◆ ACTIVITY ◆
The reply to the records below should contain exactly the lines from the line with "Vintage Funny Birthday" through the line with "19th-Early 20th Century", and nothing besides.

◆ RECORDS PROVIDED ◆
----------

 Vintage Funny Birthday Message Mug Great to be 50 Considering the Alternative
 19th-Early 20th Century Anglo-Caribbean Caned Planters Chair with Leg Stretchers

----------

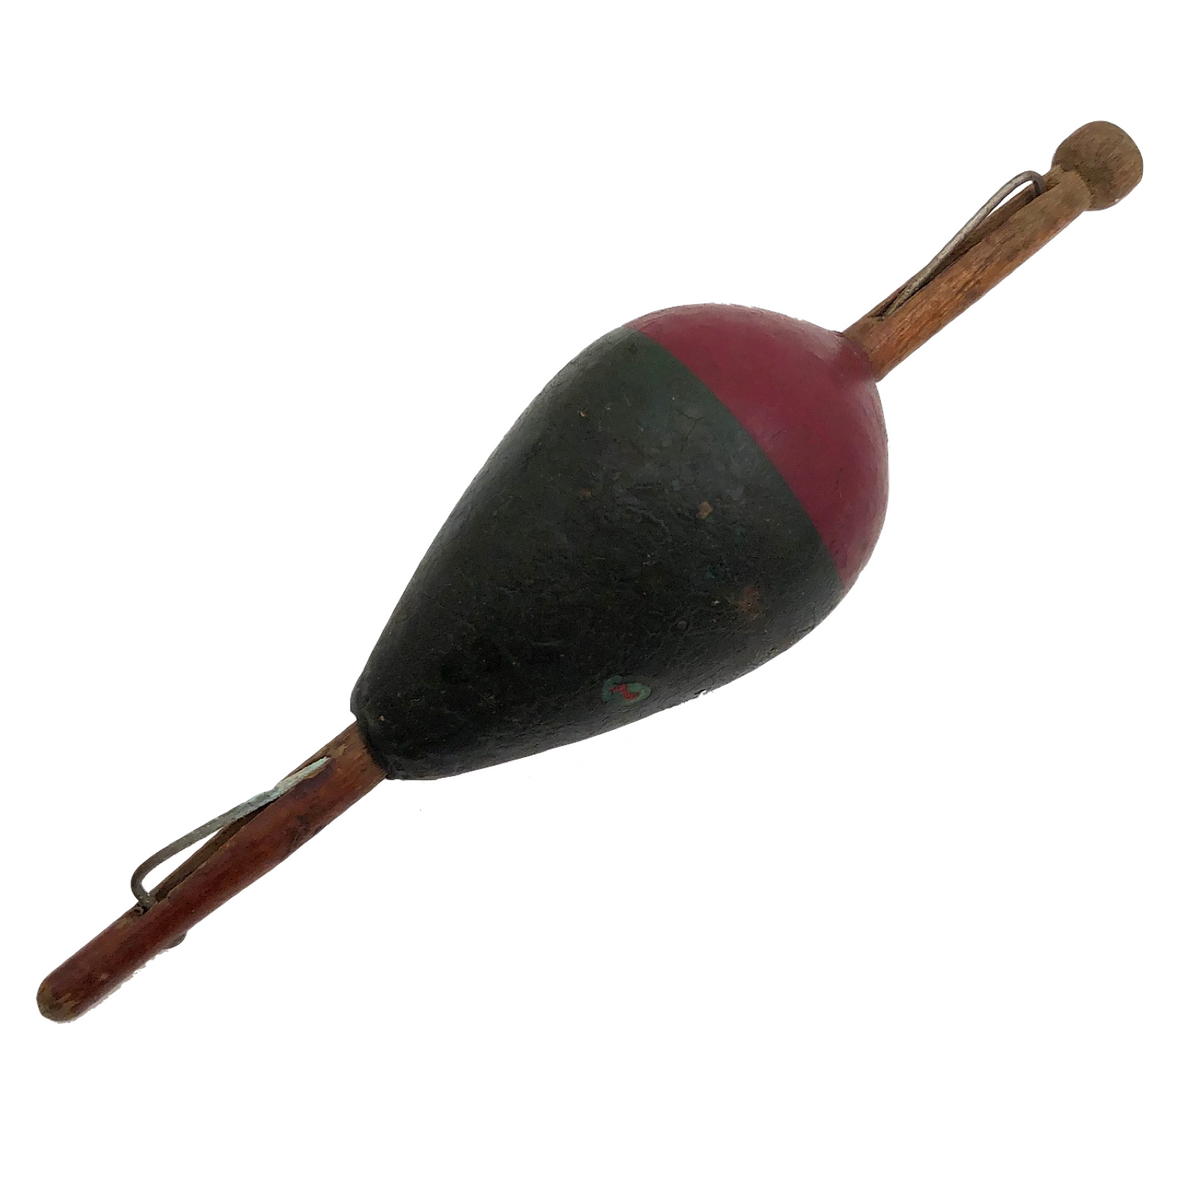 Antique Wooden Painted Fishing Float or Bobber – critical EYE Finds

----------

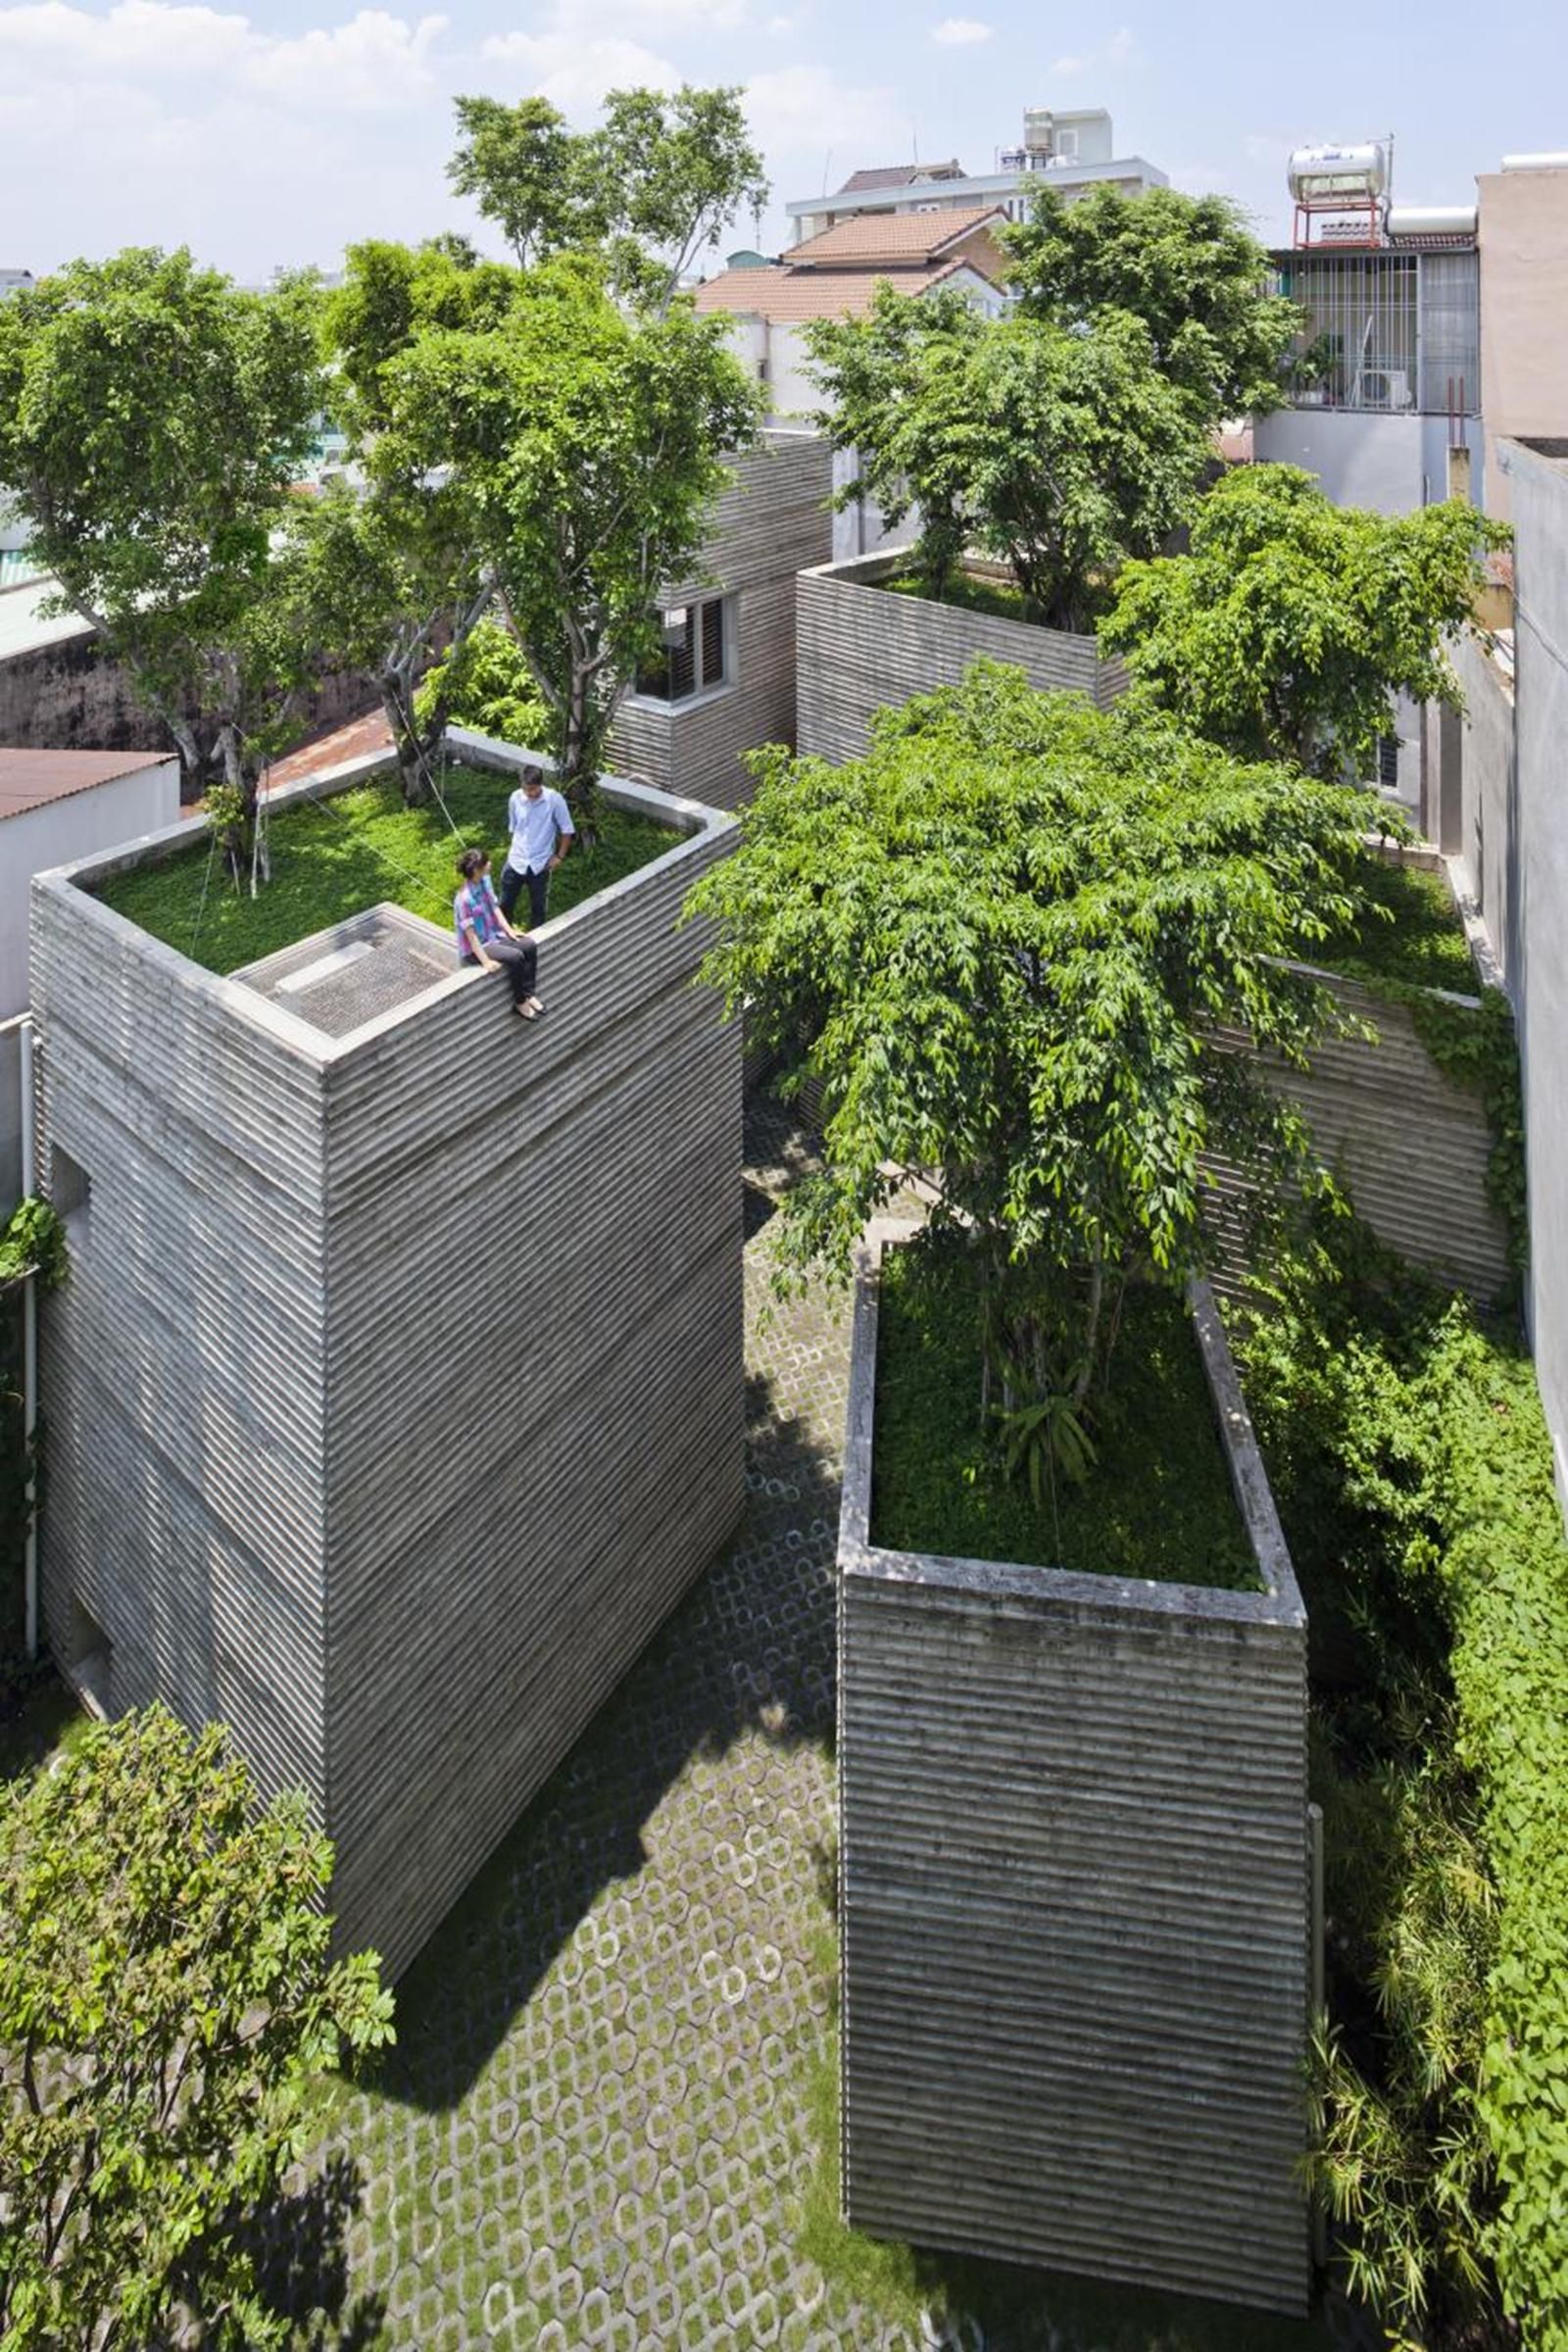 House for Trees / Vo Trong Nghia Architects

----------

◆ WRITTEN REPLY ◆
 Vintage Funny Birthday Message Mug Great to be 50 Considering the Alternative
 19th-Early 20th Century Anglo-Caribbean Caned Planters Chair with Leg Stretchers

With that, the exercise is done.